Summary. The paper derives a deep risk estimator for hybrid neural networks containing both learned layers and known operators. Building on prior maximal training-error bounds for known-operator learning, the estimator decomposes total risk additively over learned layers only (known operators contribute zero), combining a Barron-style approximation term with a sample-size-dependent estimation term. The central claims are that the bound shrinks when any learned layer is replaced by a known operator and that the required training-sample size scales with the number of trainable parameters of the replaced layer. The approach is illustrated on CT reconstruction by comparing an operator-aware filtered-backprojection network against a fully learned dense-matrix substitute; after calibrating per-layer constants on each training-size sweep, the bound tracks empirical test MSE within a factor of two at every sample size. The estimator is also positioned for physics-informed networks that hard-code known physical operations.

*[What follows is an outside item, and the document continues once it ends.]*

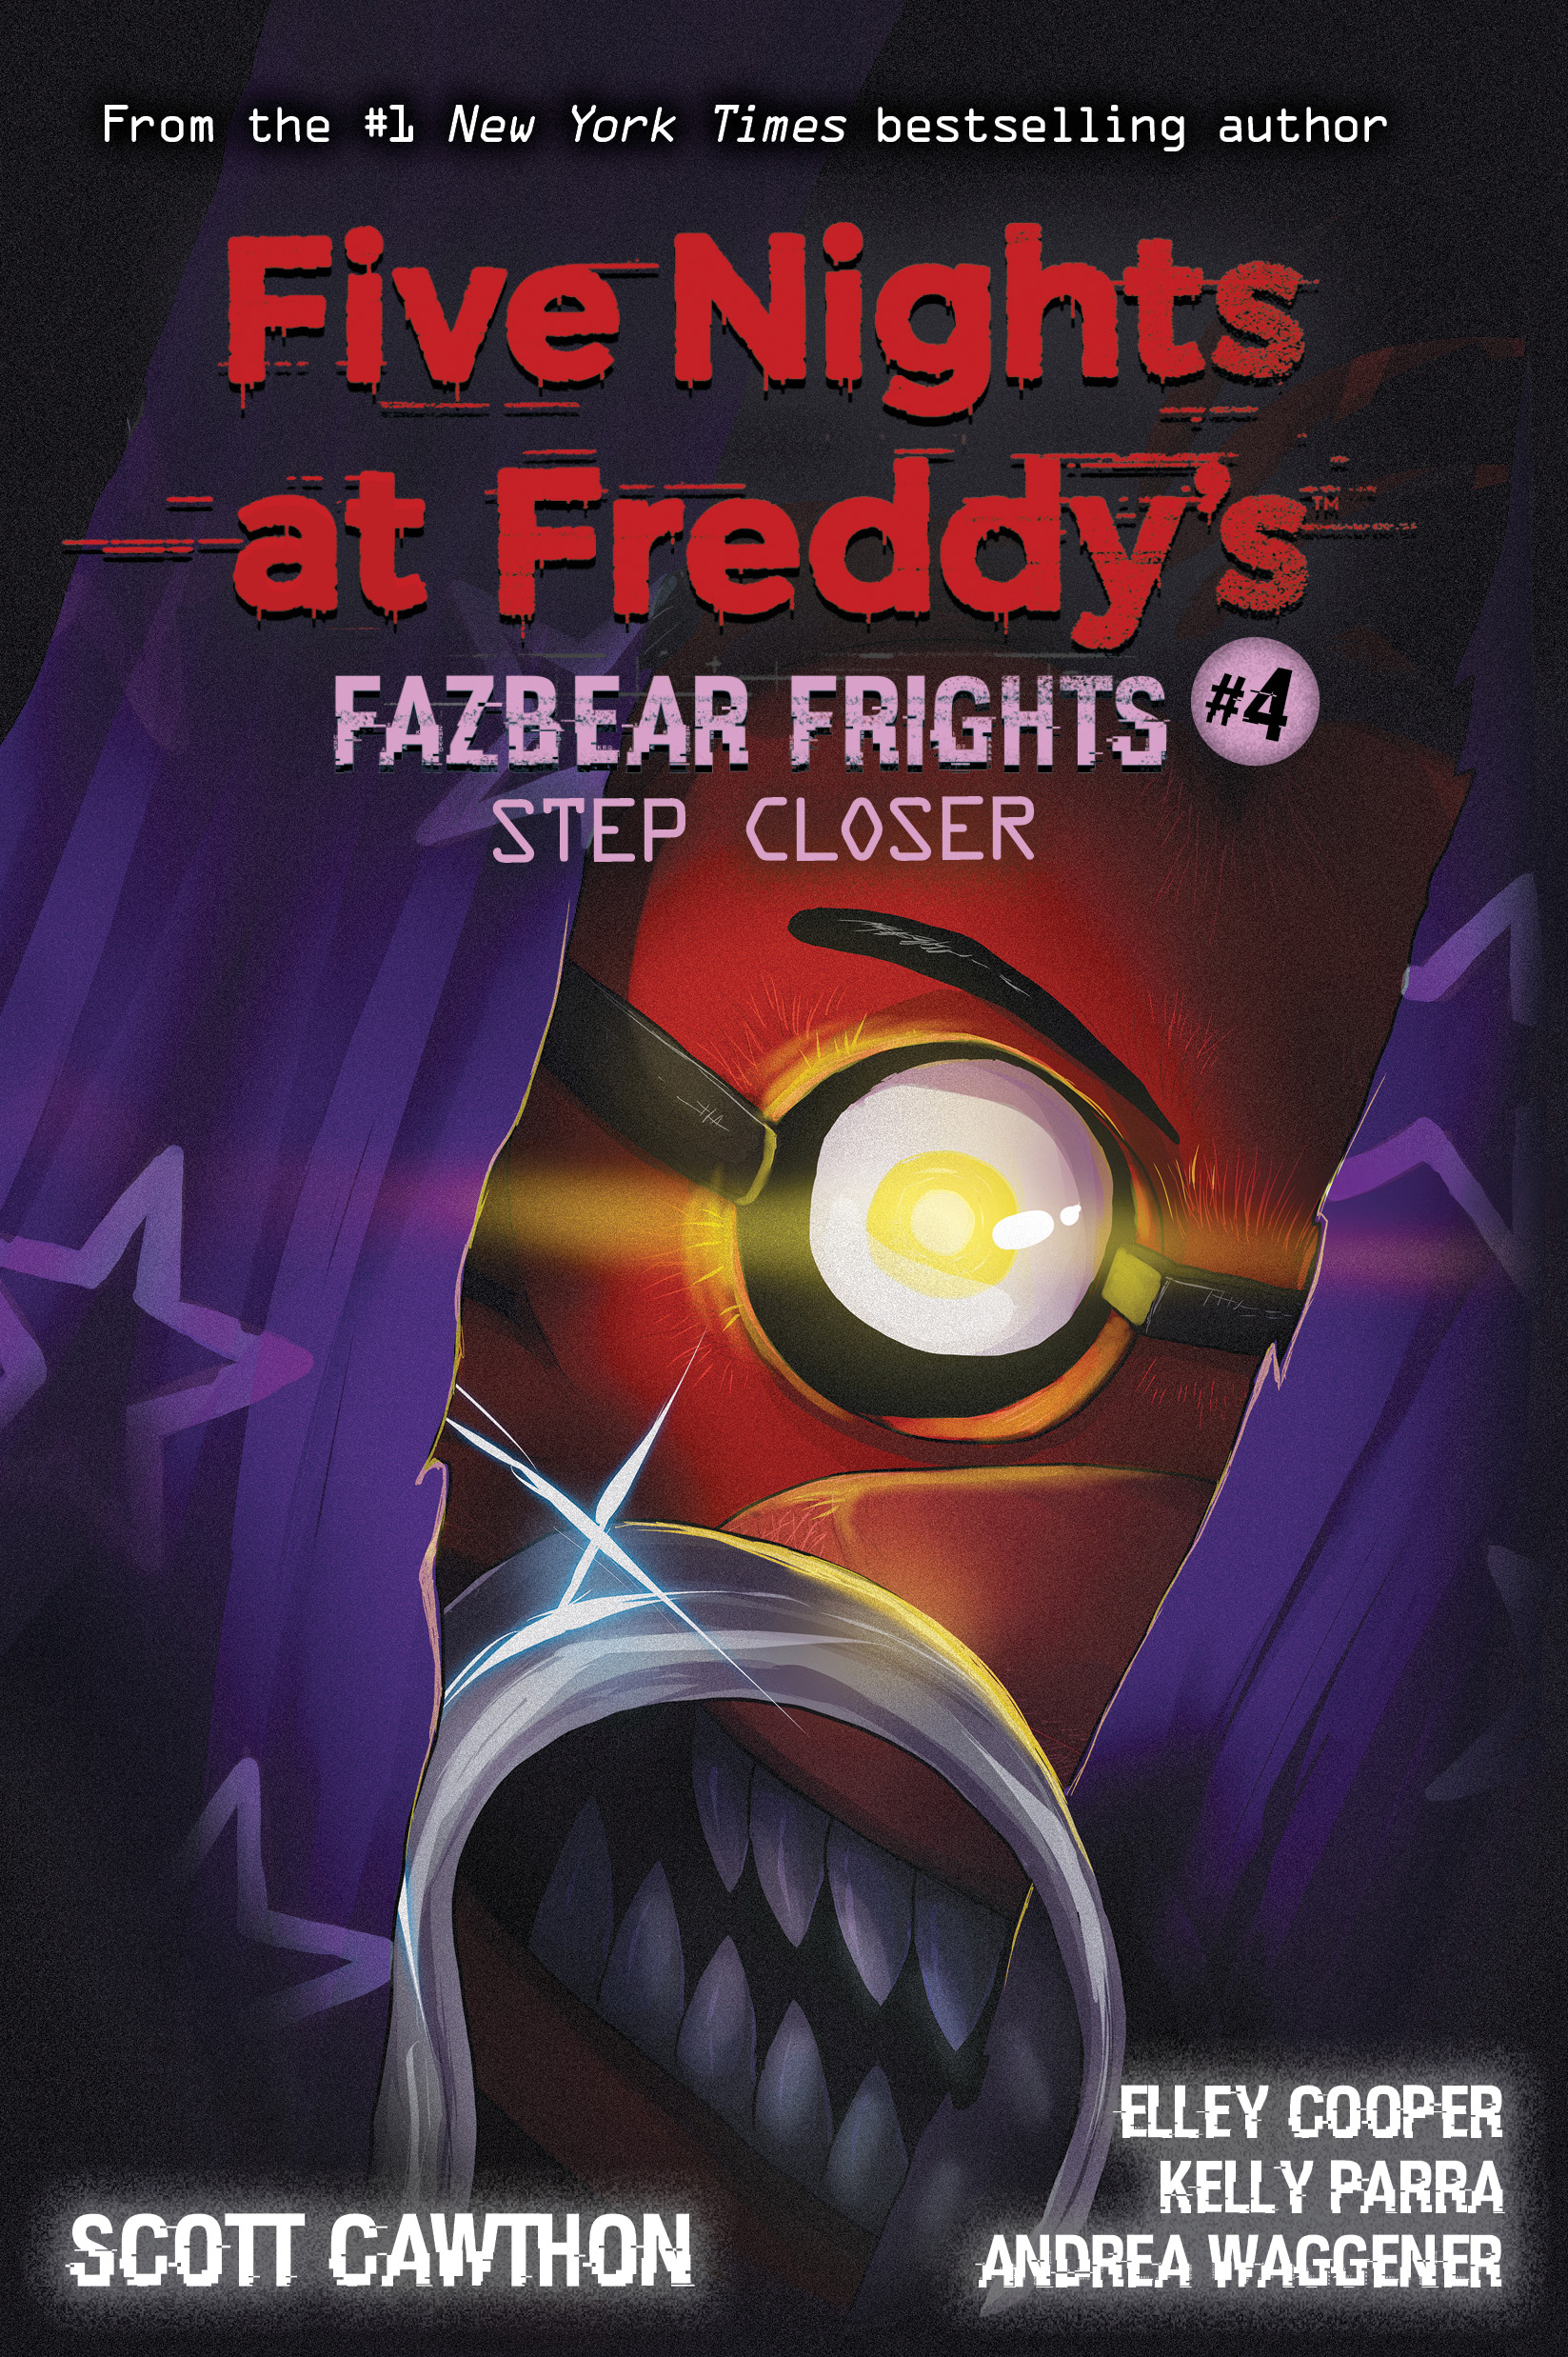 Foxy, Five Nights at Freddy's Wiki

Significance. If the derivation and transfer of Barron-style bounds hold under the hybrid composition, the work supplies a concrete, architecture-driven tool for predicting sample complexity and for quantifying the benefit of inserting known operators. The CT example demonstrates alignment between the predicted parameter ratio and the structural sparsity of the analytic decomposition, and the scaling law is shown to be consistent across CPU and GPU regimes. These strengths would be of direct interest to the operator-aware and physics-informed deep-learning communities, provided the post-hoc calibration can be replaced or justified by a priori constants.

major comments (3)

The derivation (abstract and central claims) assumes that Barron-style per-layer approximation bounds and previously established maximal training-error bounds apply directly to each learned layer even after its input has been transformed by preceding known operators. Because known operators alter the effective domain, Lipschitz constants, and smoothness of the target function for subsequent layers, the per-layer constants and scaling may change; no explicit derivation of cross terms or error-propagation bounds is provided to justify the additive decomposition without additional remainder terms.
The reported calibration of per-layer constants on each training-size sweep (abstract) is performed on the same data used to validate that the bound tracks empirical MSE within a factor of two. This introduces a circularity: the constants are fitted post-hoc to match observed error, so the estimator is not parameter-free and its predictive use for new architectures or sample sizes rests on quantities tuned to the validation distribution.
The manuscript states that the bound shrinks and sample requirement scales with the number of trainable parameters when a learned layer is replaced by a known operator, yet the abstract provides no explicit theorem statement, proof sketch, or equation showing how the additive decomposition yields this scaling once the known-operator term is set to zero. Without the full derivation or the cited prior bounds reproduced, it is impossible to verify that the claimed scaling follows directly rather than from the calibration step.

minor comments (2)

Notation for the per-layer constants and the precise form of the Barron-inspired approximation term should be introduced with explicit definitions and referenced to the cited prior work on maximal training-error bounds.
The CT experiment description would benefit from a brief statement of the data-exclusion rules, image sizes, and exact training-set sizes used in the scaling sweeps to allow independent reproduction of the factor-of-two tracking result.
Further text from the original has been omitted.